In this guide, we’ll walk through setting up a Convolutional Neural Network (CNN) on an Ubuntu GPU server to recognize digits from the famous MNIST dataset and even test it on your own handwritten images.

Prerequisites

  • An Ubuntu 24.04 server with an NVIDIA GPU.
  • A non-root user with sudo privileges.
  • NVIDIA drivers installed.

Step 1: Set Up the Project Environment

Before diving into coding, we must prepare our GPU-powered Ubuntu server with the right tools.
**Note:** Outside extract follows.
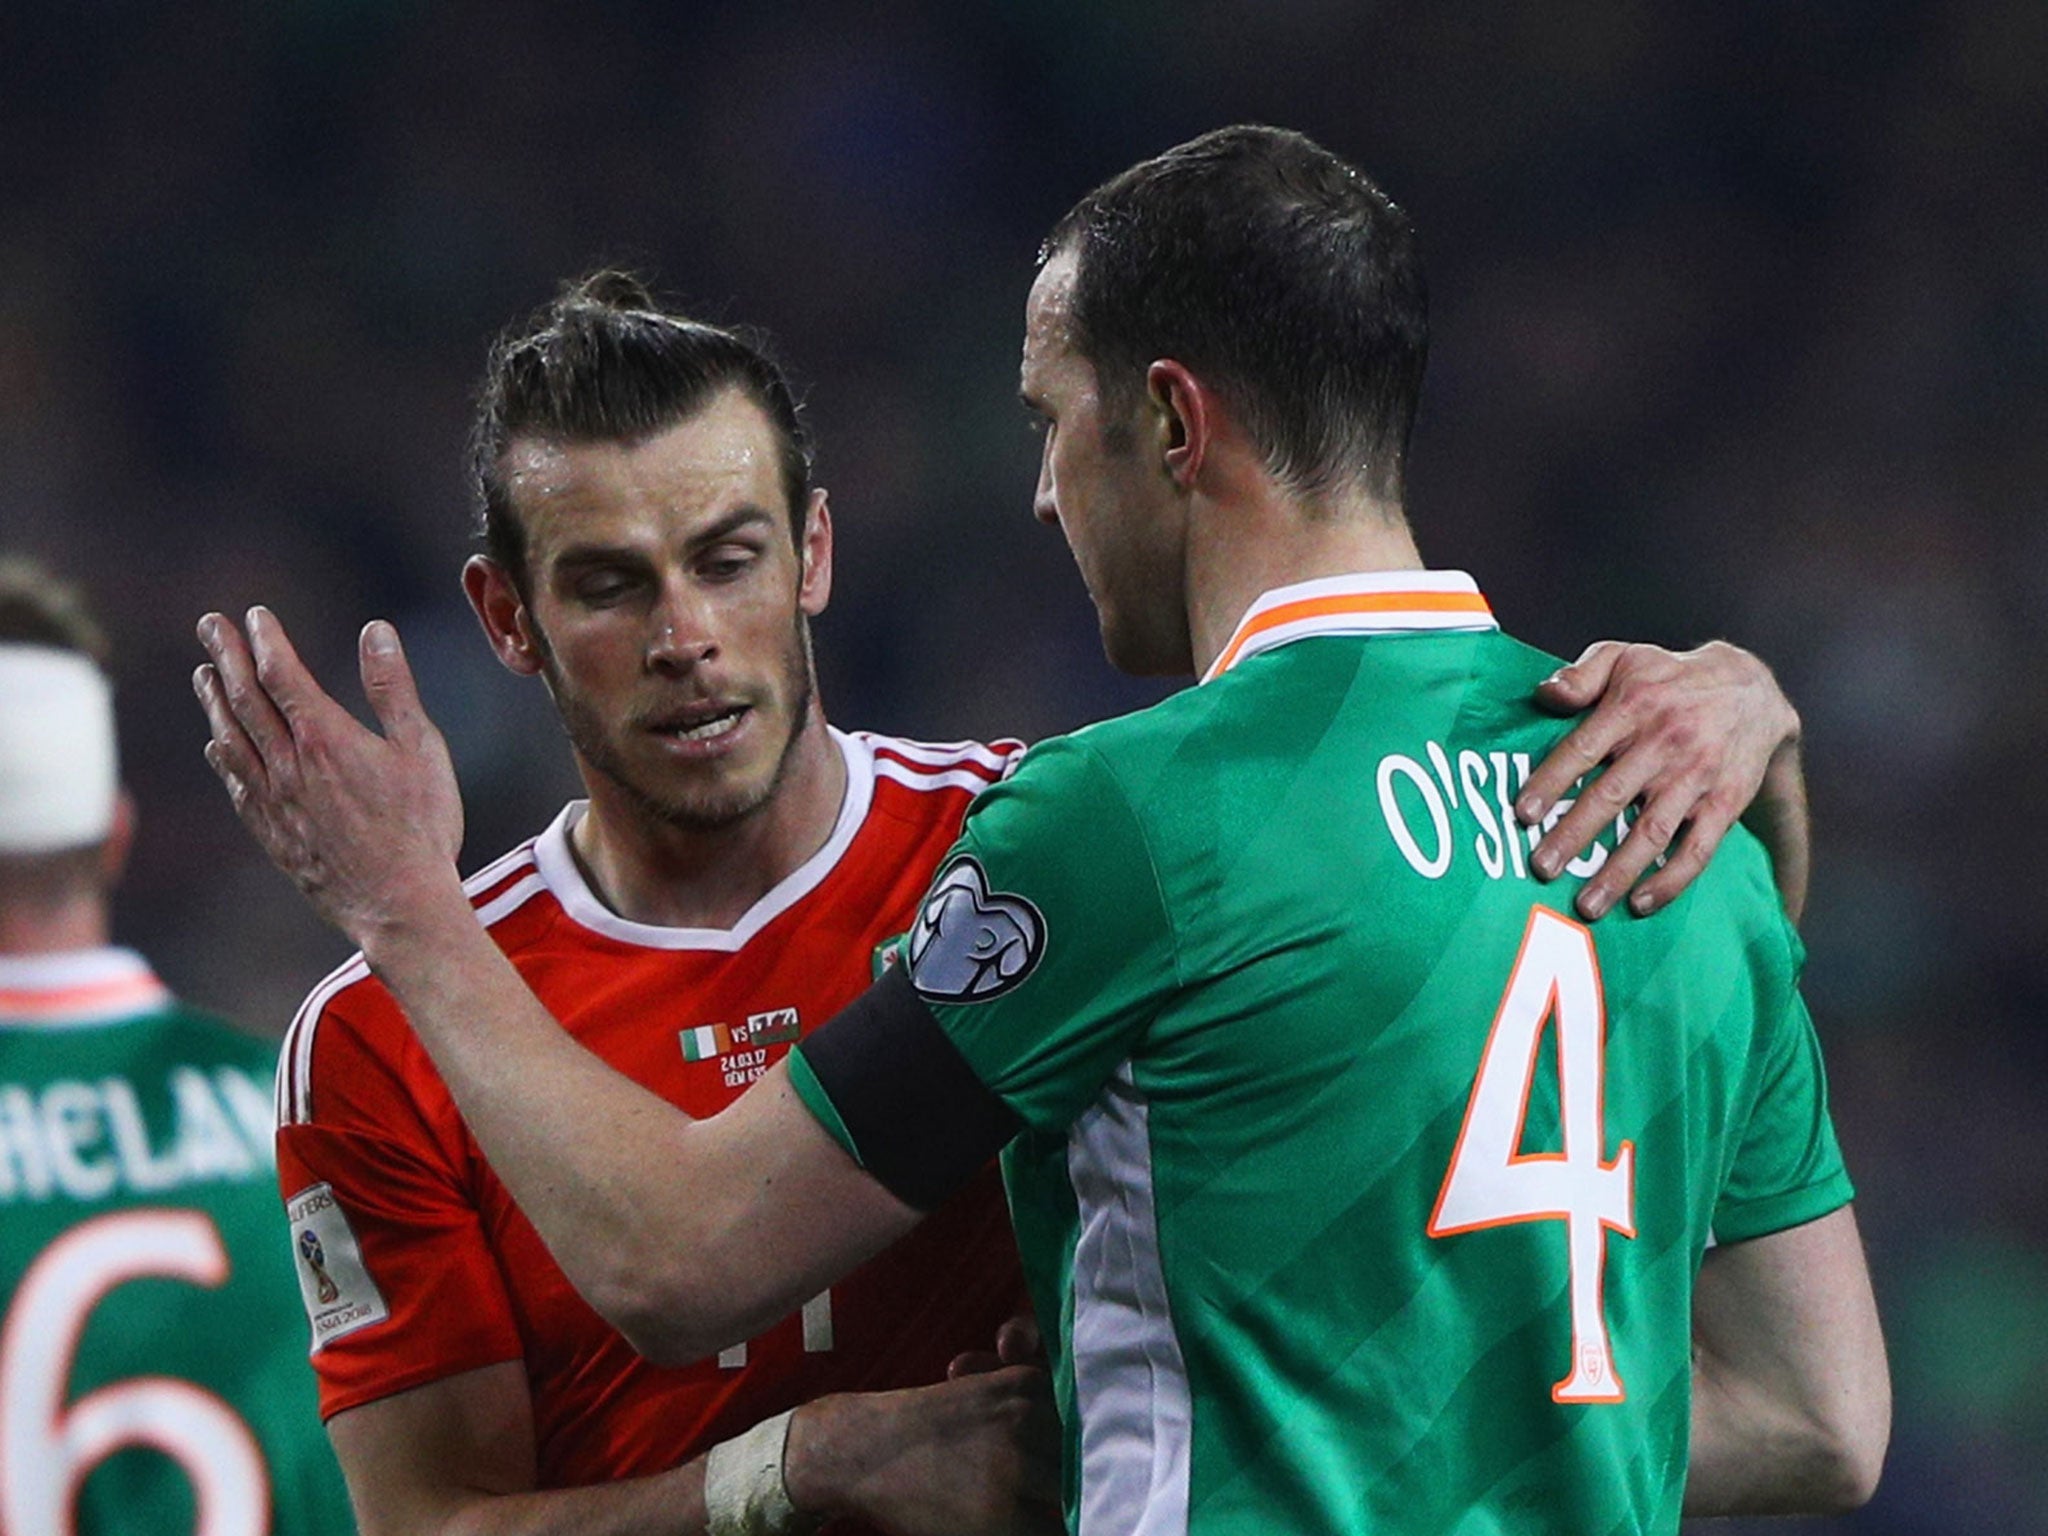 Gareth Bale and John O'Shea clashed during the game
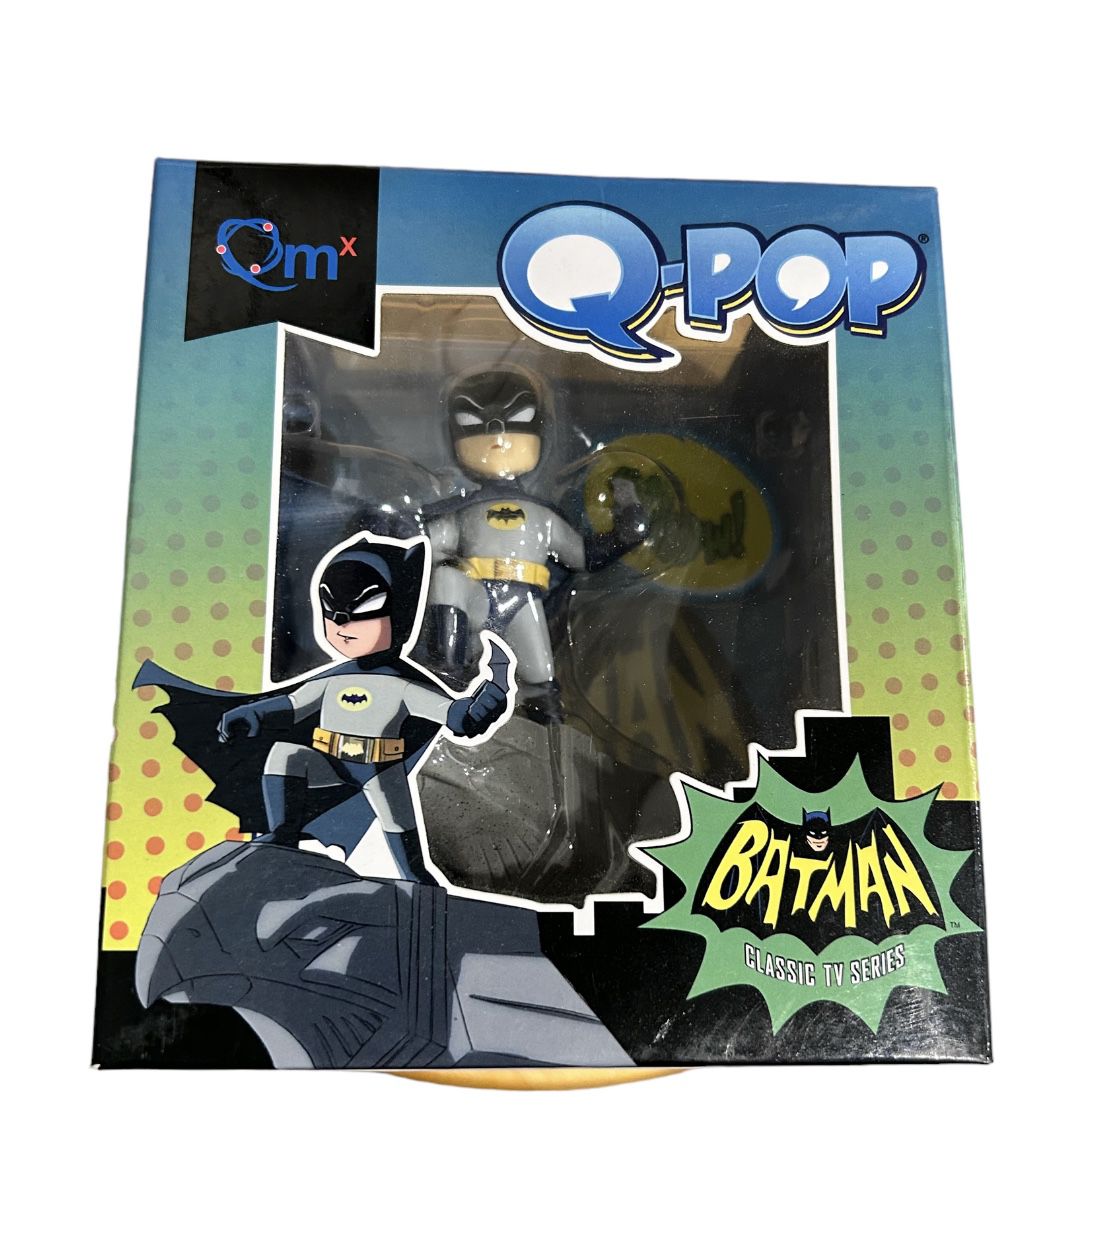 Q-POP Classic Batman Figure (New)

1. First, let’s install Python and set up an isolated environment to avoid dependency conflicts:

apt install -y python3 python3-pip python3-venv

2. Now, create and activate a virtual environment:

python3 -m venv tf-gpu-env
source tf-gpu-env/bin/activate

3. TensorFlow can leverage NVIDIA CUDA for lightning-fast training. Install it along with NumPy and Matplotlib:

pip install tensorflow numpy matplotlib

4. Connect to the Python shell.

python3

Verify that TensorFlow recognizes your GPU:

import tensorflow as tf
print("Num GPUs Available:", len(tf.config.list_physical_devices('GPU')))

Output.

Num GPUs Available: 1

5. Press CTRL+D to exit from the Python shell.

Step 2: Build and Train the Model

Now, the fun part is building a Convolutional Neural Network (CNN) to recognize handwritten digits!

1. Create the training script.

nano train_mnist.py

Add the following code:

import tensorflow as tf
from tensorflow.keras.datasets import mnist
from tensorflow.keras.models import Sequential
from tensorflow.keras.layers import Conv2D, MaxPooling2D, Flatten, Dense, Dropout
import os

# Load and preprocess data
(x_train, y_train), (x_test, y_test) = mnist.load_data()
x_train, x_test = x_train / 255.0, x_test / 255.0  # Normalize
x_train = x_train[..., tf.newaxis]  # Add channel dimension (28x28x1)
x_test = x_test[..., tf.newaxis]

# Build CNN model
model = Sequential([
    Conv2D(32, (3,3), activation='relu', input_shape=(28,28,1)),
    MaxPooling2D((2,2)),
    Conv2D(64, (3,3), activation='relu'),
    MaxPooling2D((2,2)),
    Flatten(),
    Dense(128, activation='relu'),
    Dropout(0.5),  # Prevent overfitting
    Dense(10, activation='softmax')  # 10 output classes (digits 0-9)
])

# Compile model
model.compile(optimizer='adam',
              loss='sparse_categorical_crossentropy',
              metrics=['accuracy'])

# Train model
history = model.fit(x_train, y_train, epochs=10, validation_data=(x_test, y_test))

# Evaluate model
test_loss, test_acc = model.evaluate(x_test, y_test, verbose=2)
print(f"\nTest Accuracy: {test_acc*100:.2f}%")

# Save model
os.makedirs("models", exist_ok=True)
model.save("models/mnist_cnn.h5")
print("Model saved to 'models/mnist_cnn.h5'")

2. Run the script.

python3 train_mnist.py

Output.

Test accuracy: 0.9925000071525574

Step 3: Test the Model on New Data

Let’s see how well our model performs on unseen digits from the MNIST test set.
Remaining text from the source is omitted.